Vu l'article 32-1 du code de procédure civile ;

L'EHPAD fait valoir que la résiliation prononcée par la société SHCB l'a obligée à trouver un remplaçant dans un délai très court, sous la menace exprimée par l'appelante d'une cessation de ses prestations. Elle précise que le délai contractuel de 8 jours, censé expirer le 08 février 2017 n'a été prorogé au 28 février 2017 qu'après d'âpres négociations. Elle estime en conséquence avoir subi un préjudice moral dont elle évalue la juste réparation à 10.000 euros.

Elle ajoute que l'action en justice, fondée sur des moyens considérés comme « fantaisistes » par le premier juge, revêt un caractère abusif et justifie l'octroi de dommages-intérêts, ainsi que le prononcé d'une amende civile.

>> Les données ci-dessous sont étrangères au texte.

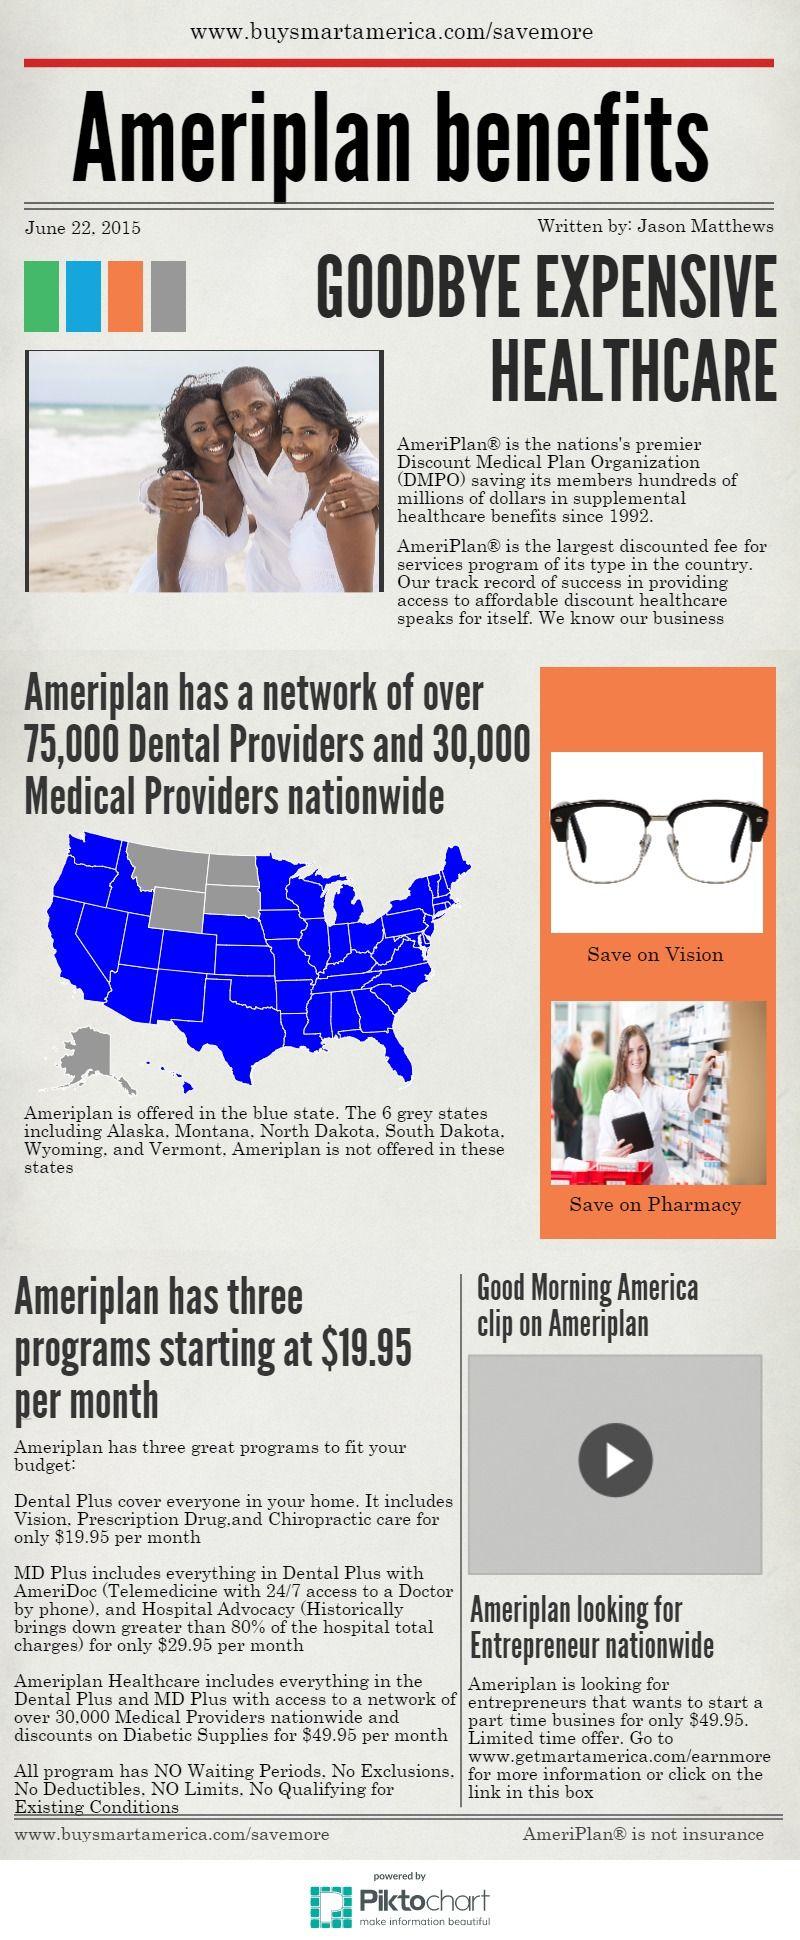 Ameriplan Benefits Piktochart Mobile App Health Care

La société SHCB fait valoir que l'EHPAD ne démontre pas la réalité de son préjudice moral. Elle conteste pour le surplus le caractère abusif de son action.

Sur ce :

C'est par de justes motifs, que la cour adopte, que le premier juge a condamné la société SHCB à payer à l'EHPAD la somme de 6.000 euros en indemnisation de son préjudice moral et rejeté les demandes de dommages-intérêts et d'amende civile formées sur le fondement de l'article 32-1 du code de procédure civile.

Y ajoutant, la cour retient que la nécessité de retrouver un prestataire dans un délai très court, initialement fixé à 8 jours et finalement porté à un mois seulement, pour une prestation donnant nécessairement lieu à d'importantes démarches pré-contractuelles, a mis l'EHPAD en difficulté et fait présumer la réalité du préjudice moral allégué.

Il convient en conséquence de confirmer le jugement entrepris.

 

Sur les frais irrépétibles et les dépens :

Vu les articles 696 et 700 du code de procédure civile ;

La société SHCB succombe à l'instance d'appel et il convient de confirmer les dispositions du jugement de première instance relatives aux frais irrépétibles et dépens.

Il y a lieu également de condamner la société SHCB aux dépens de l'instance d'appel.

L'équité commande enfin de la condamner à payer à l'EHPAD la somme de 10.000 euros en indemnisation des frais irrépétibles exposés à hauteur de cour.

 

DISPOSITIF (décision proprement dite)                             (N.B. : mention ne figurant pas sur l’original)

PAR CES MOTIFS :

La cour, statuant publiquement, par arrêt contradictoire prononcé en dernier ressort,

- Confirme le jugement prononcé le 4 juin 2020 entre les parties par le tribunal judiciaire de Lyon ;

Y ajoutant :

- Condamne la société SHCB aux dépens de l'instance d'appel ;

- Condamne la société SHCB Gestion à payer à l'association EHPAD [5] la somme de 10.000 euros sur le fondement de l'article 700 du code de procédure civile.